Same for using error in the catchall pattern.

Some checking is definitely better than nothing, we would just need to precisely specify what we can assure to the user.

jvanbruegge · December 29, 2022, 12:11am

Yes, ideally it should also look for transitive partiality and report that. Like partial because of use of head and then link to the haddock of head

Tarmean · December 29, 2022, 7:00am

Without an abstraction barrier I don’t think a transitive partiality analysis is super useful. If all rust code which uses a vector op transitively had to be marked unsafe it wouldn’t be a very helpful marker.

With a hadock annotation to mark functions non-partial I do think a transitive analysis could be really useful, especially if it lists all exception types. But that may be another feature entirely?

Kleidukos · December 29, 2022, 11:09am

Regarding the false negative, could be perhaps be helped by referential transparency? With a set of “guaranteed” partial functions that we ship, could it be possible to infer the cases of direct inheritance of partiality (where the function can trivially be replaced by its partial component, without lets or wheres)?

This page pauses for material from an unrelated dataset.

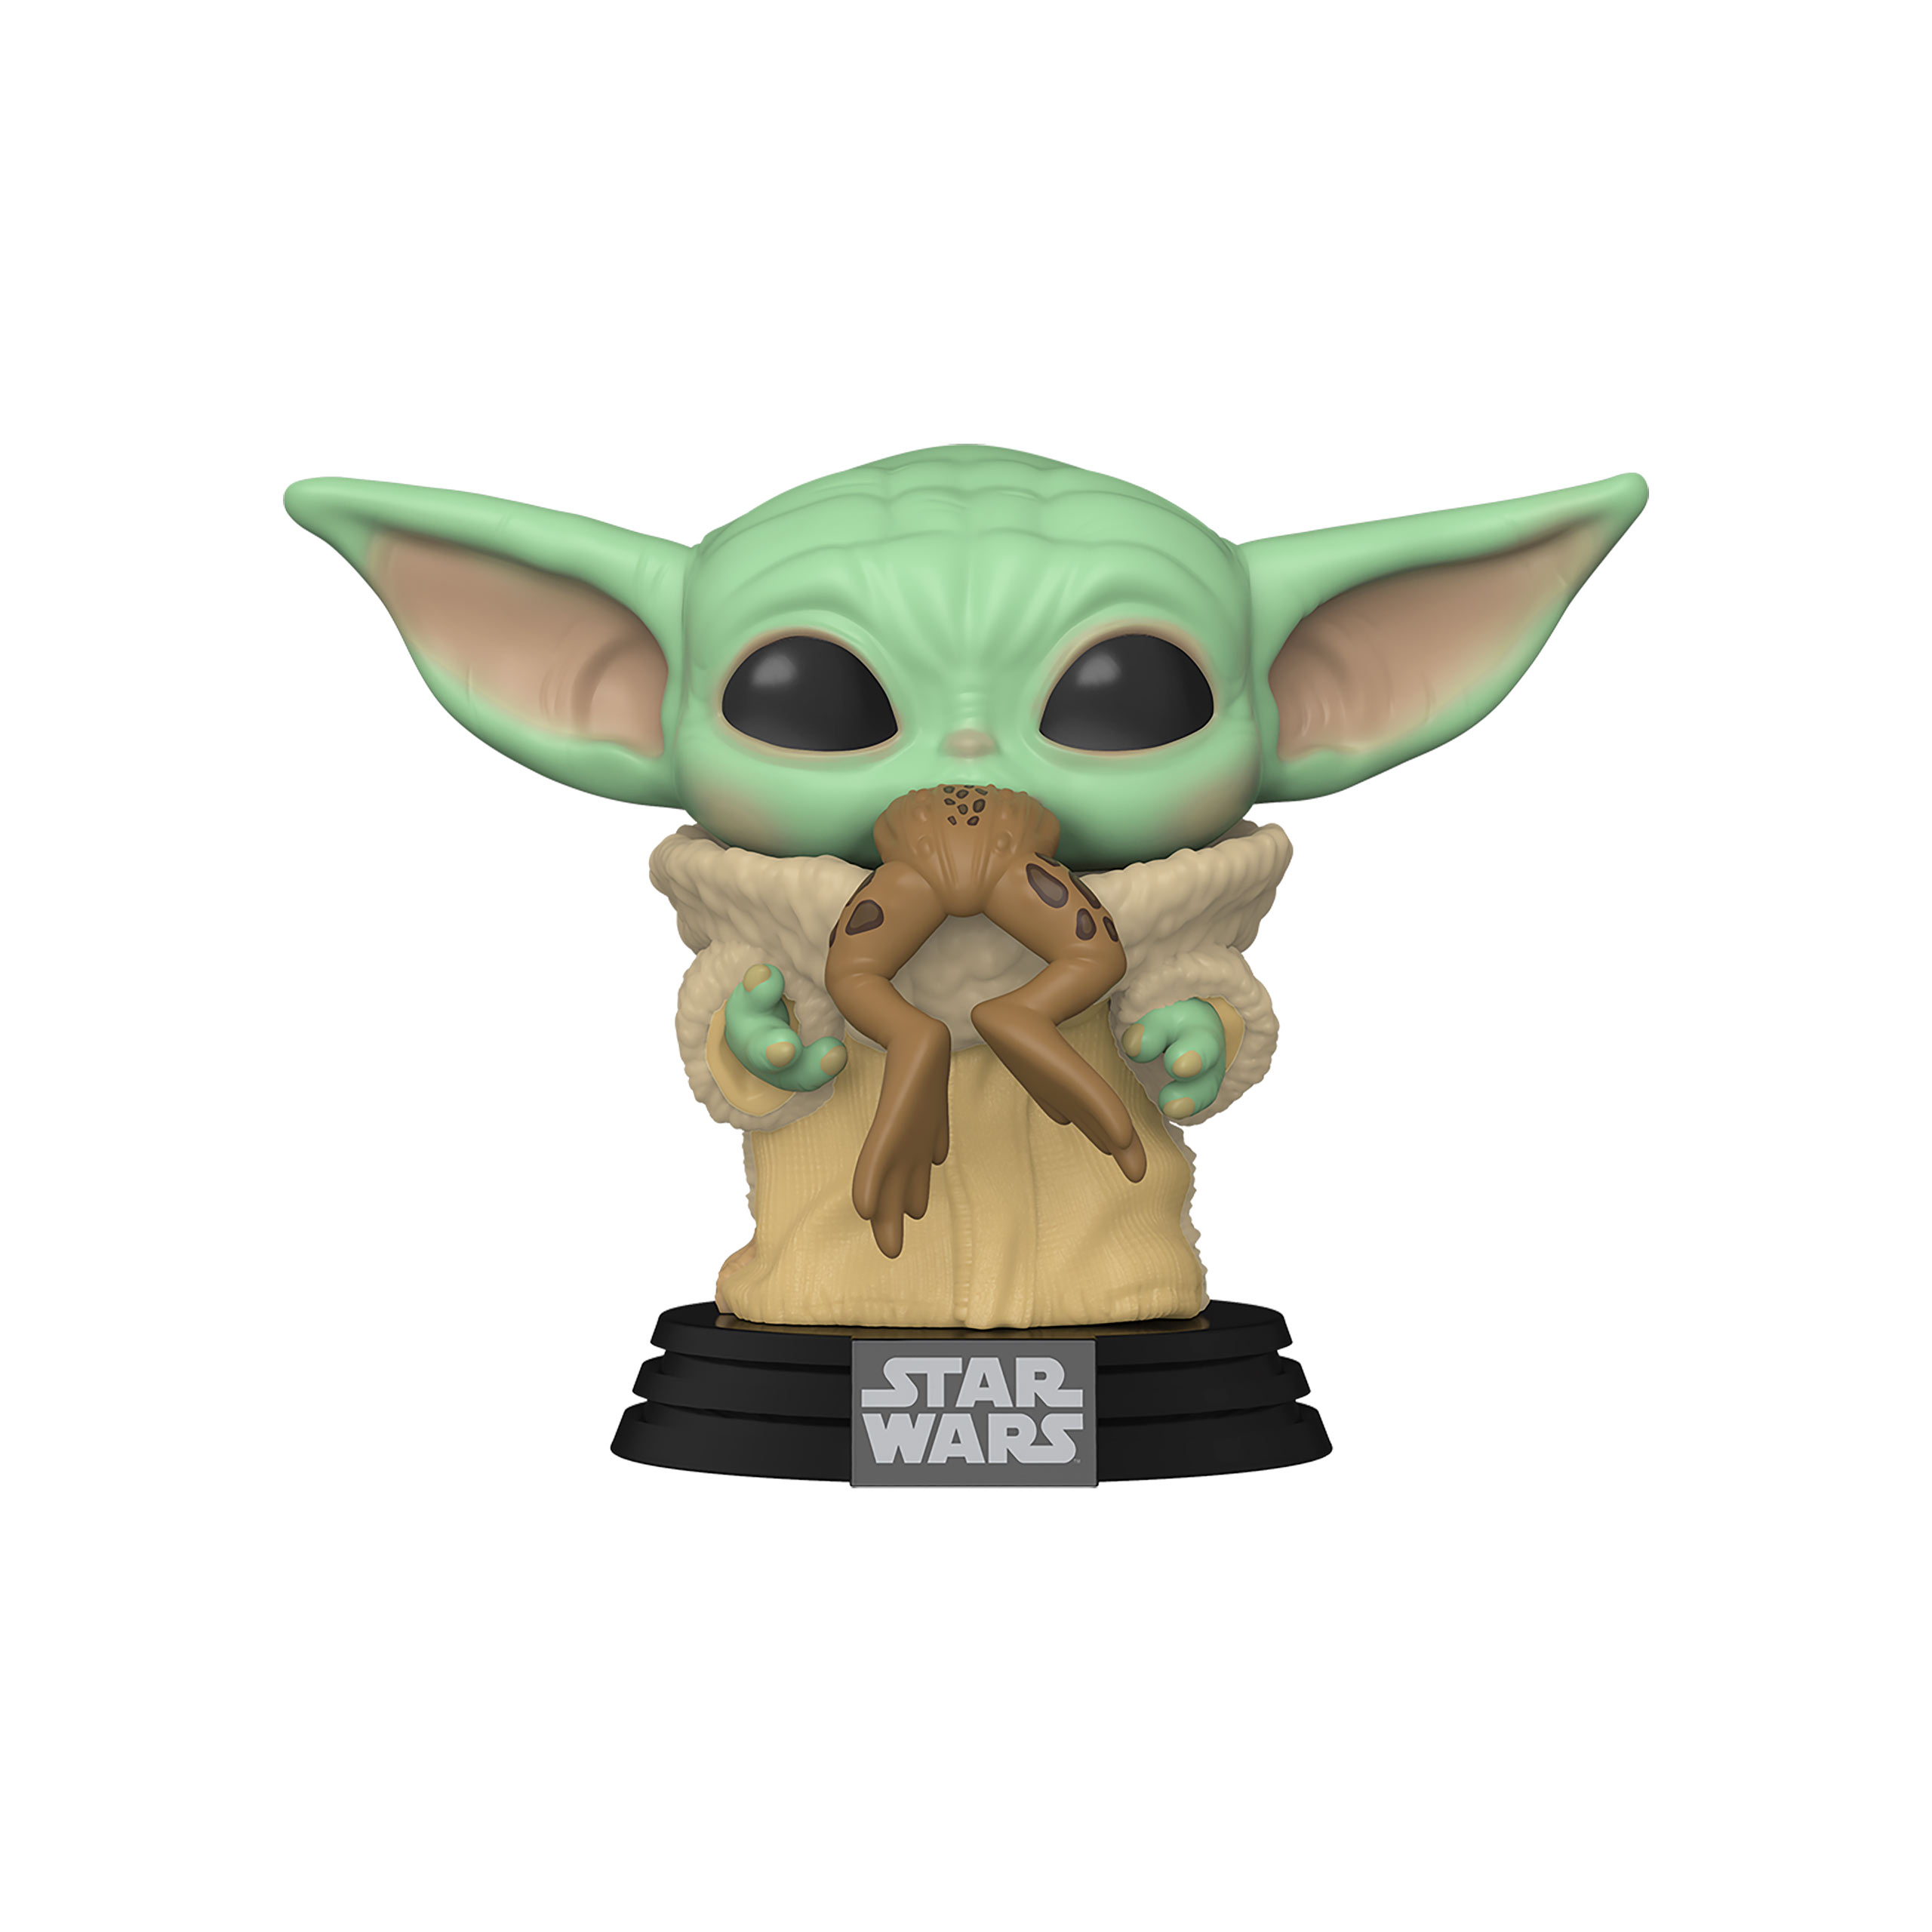 The Child with Frog Funko Pop bobblehead figure - Star Wars The Mandalorian

tomjaguarpaw · December 29, 2022, 12:49pm

I think I’d much rather have a language-level (as opposed to documentation-generator-level) solution to this. One possibility is a Partial => constraint that gets added to the result type of all partial pattern matches. (As I understand it, PureScript has something like this.)

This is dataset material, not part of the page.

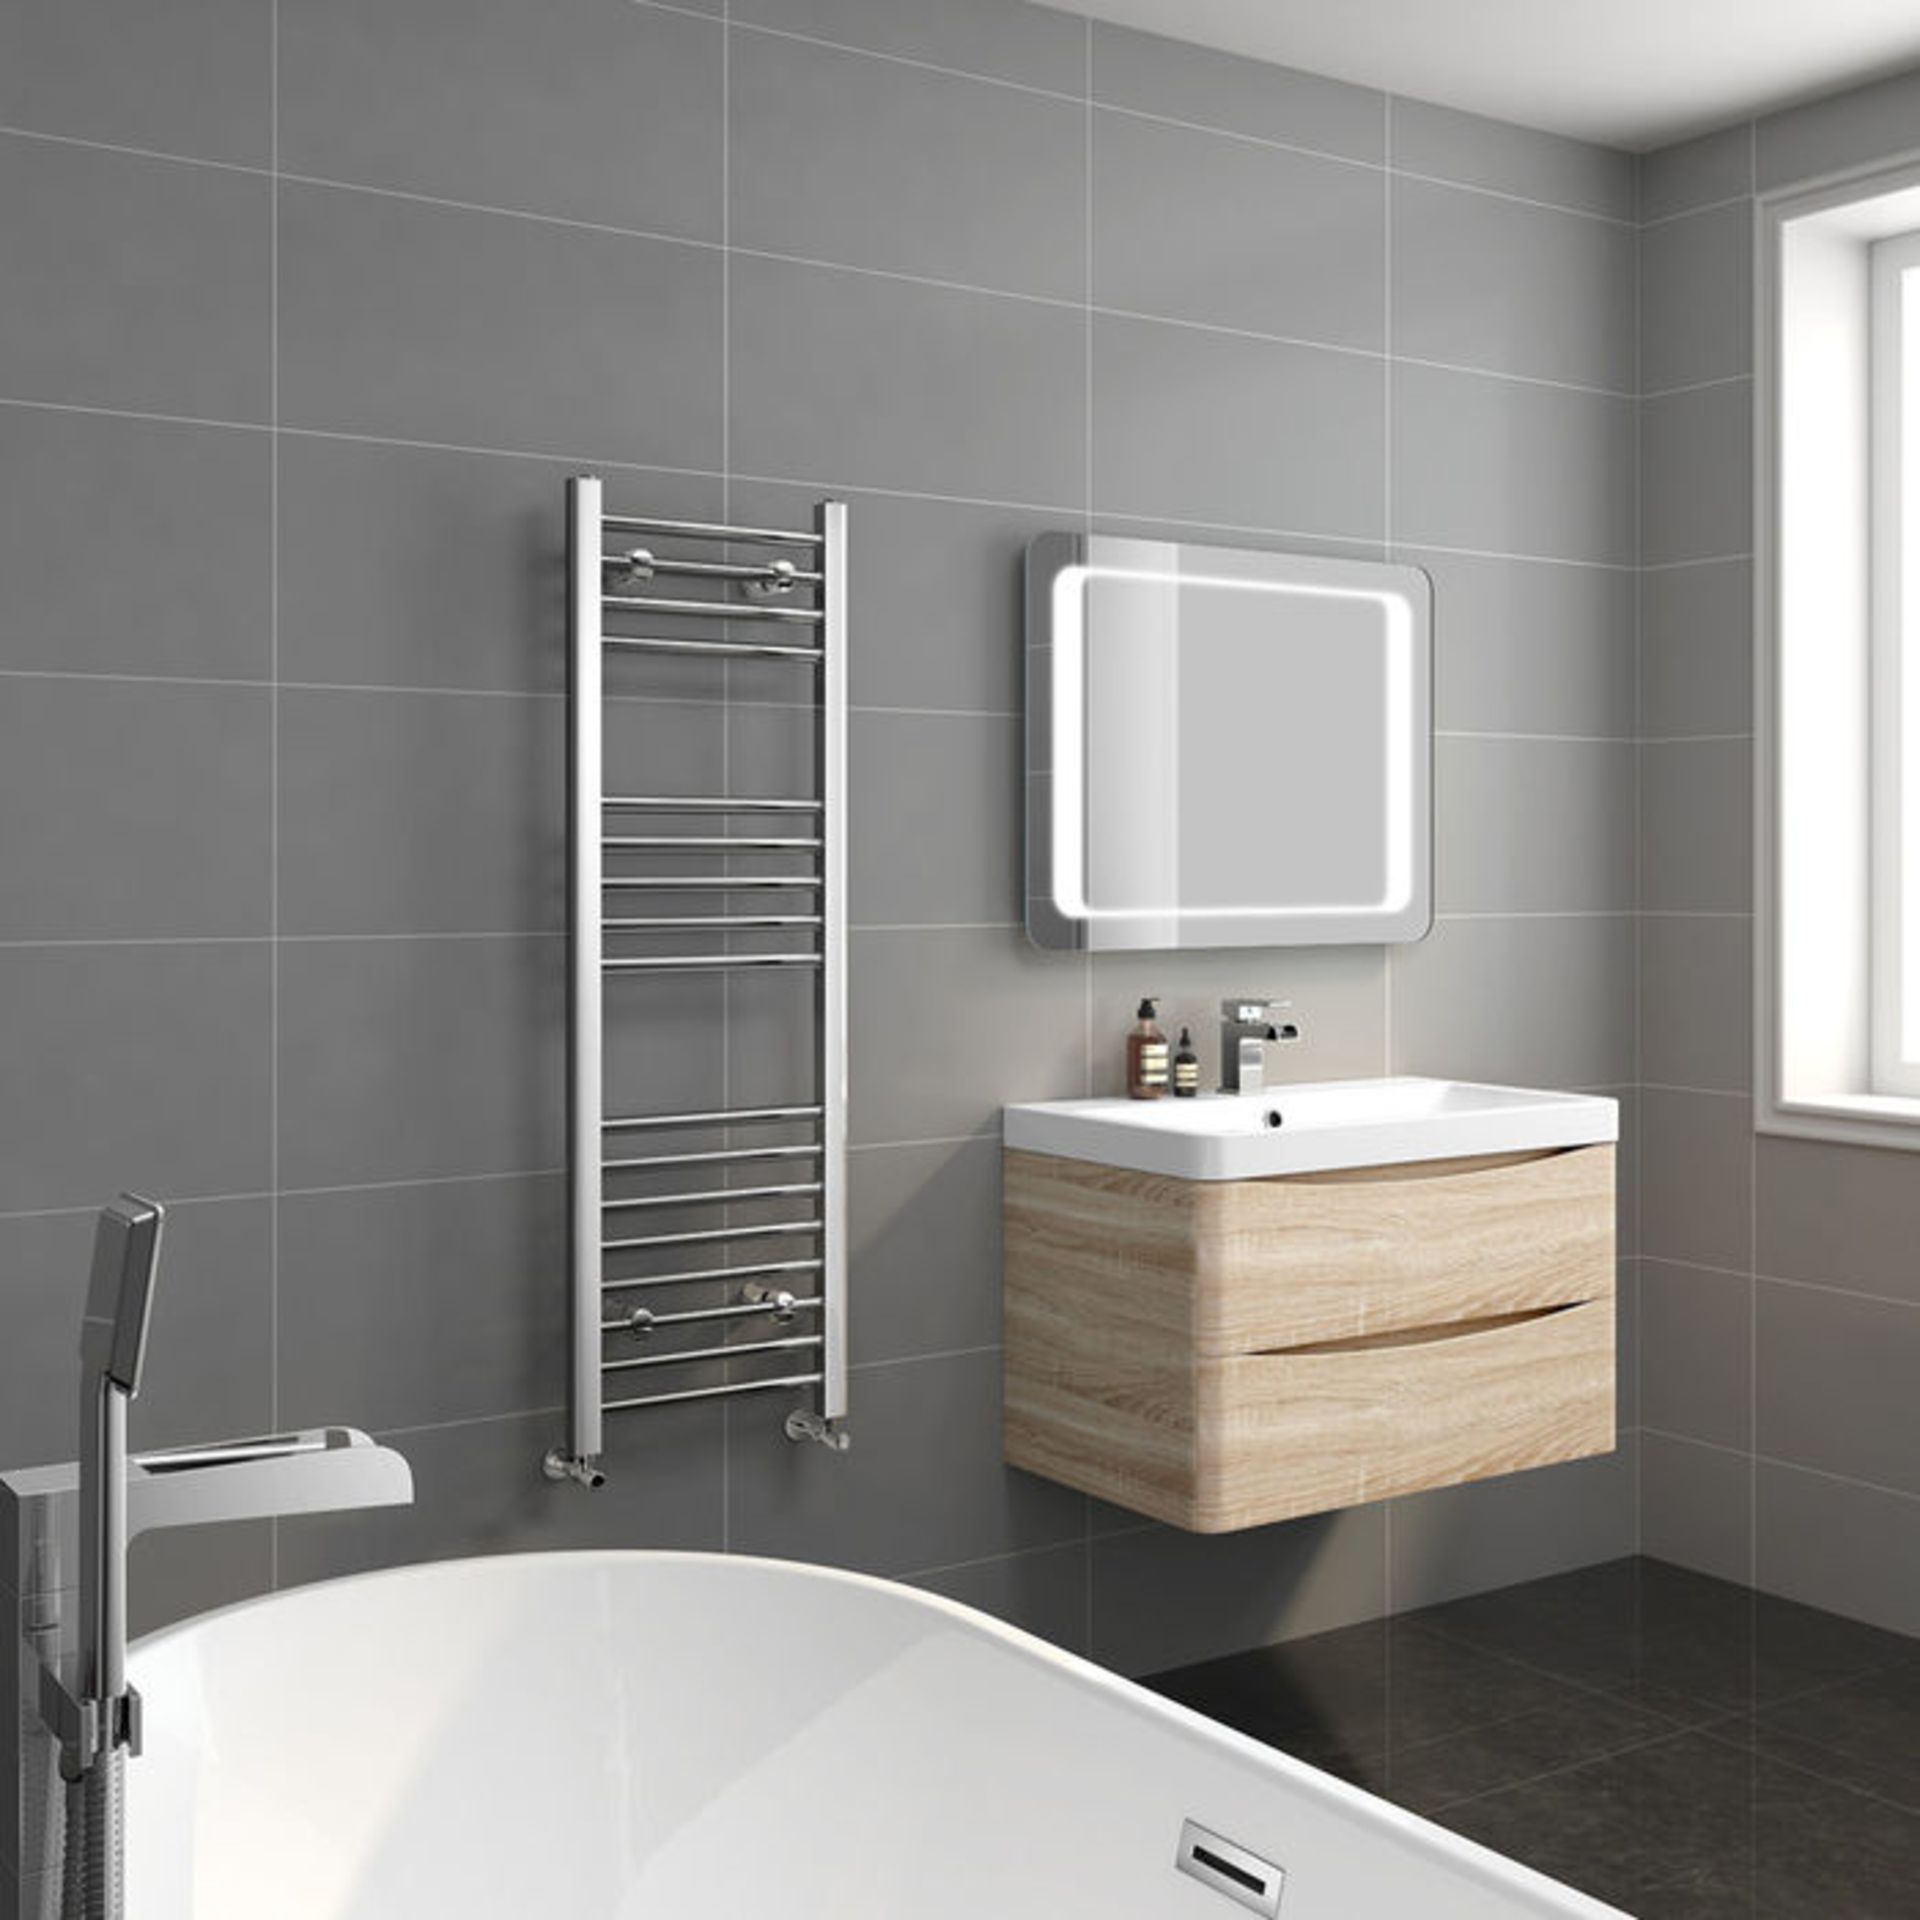 (E40) 1200x400mm - 20mm Tubes - Chrome Heated Straight Rail Ladder Towel Radiator. Low carbon - Image 2 of 3

Kleidukos · December 29, 2022, 12:52pm

Yes PureScript has it. In practice, you check out of that by using unsafePartial, which effectively discharges the constraint. I’d love to ask @hdgarrood if the PureScript ecosystem has suffered from it?

jaror · December 29, 2022, 12:53pm

With laziness, transitive inference becomes a pretty difficult. Consider:

f n = let xs = [1..n] in zipWith (+) xs (tail xs)

This function is safe even if n < 1, because in that case the partial tail xs function would never be evaluated.

I guess we could be satisfied with an approximation that just marks everything as partial if there is any doubt at all. I don’t know how useful that would be.

hdgarrood · December 29, 2022, 2:05pm

Previously: Use HasCallStack and error in GHC.List and .NonEmpty · Issue #5 · haskell/core-libraries-committee · GitHub

Generally I think it works really well, but there are a couple of caveats:

it’s tough to explain how to use the Partial class correctly; in my experience people tend not to understand where they should propagate a Partial constraint and just slap an unsafePartial on in situations where they really shouldn’t. Of course, people can write whatever they want in their own projects, and it’s easier to ensure that important libraries are at least using Partial correctly
similarly, there’s a risk of people seeing Partial constraints and incorrectly thinking that the type checker will guarantee that any function lacking a Partial constraint is guaranteed to be total.

I suspect the main barrier to introducing Partial to Haskell would be backwards compatibility though: if an un-discharged Partial constraint doesn’t cause a compilation failure, then realistically there will be tons of functions that lack Partial constraints but should have them, which limits the utility of the constraint; if an un-discharged Partial constraint does cause a compilation failure then you’ll break basically everyone’s code and people will be very upset.

Kleidukos · December 29, 2022, 6:04pm

Thank you very much for this explanation (and reference to the other topic).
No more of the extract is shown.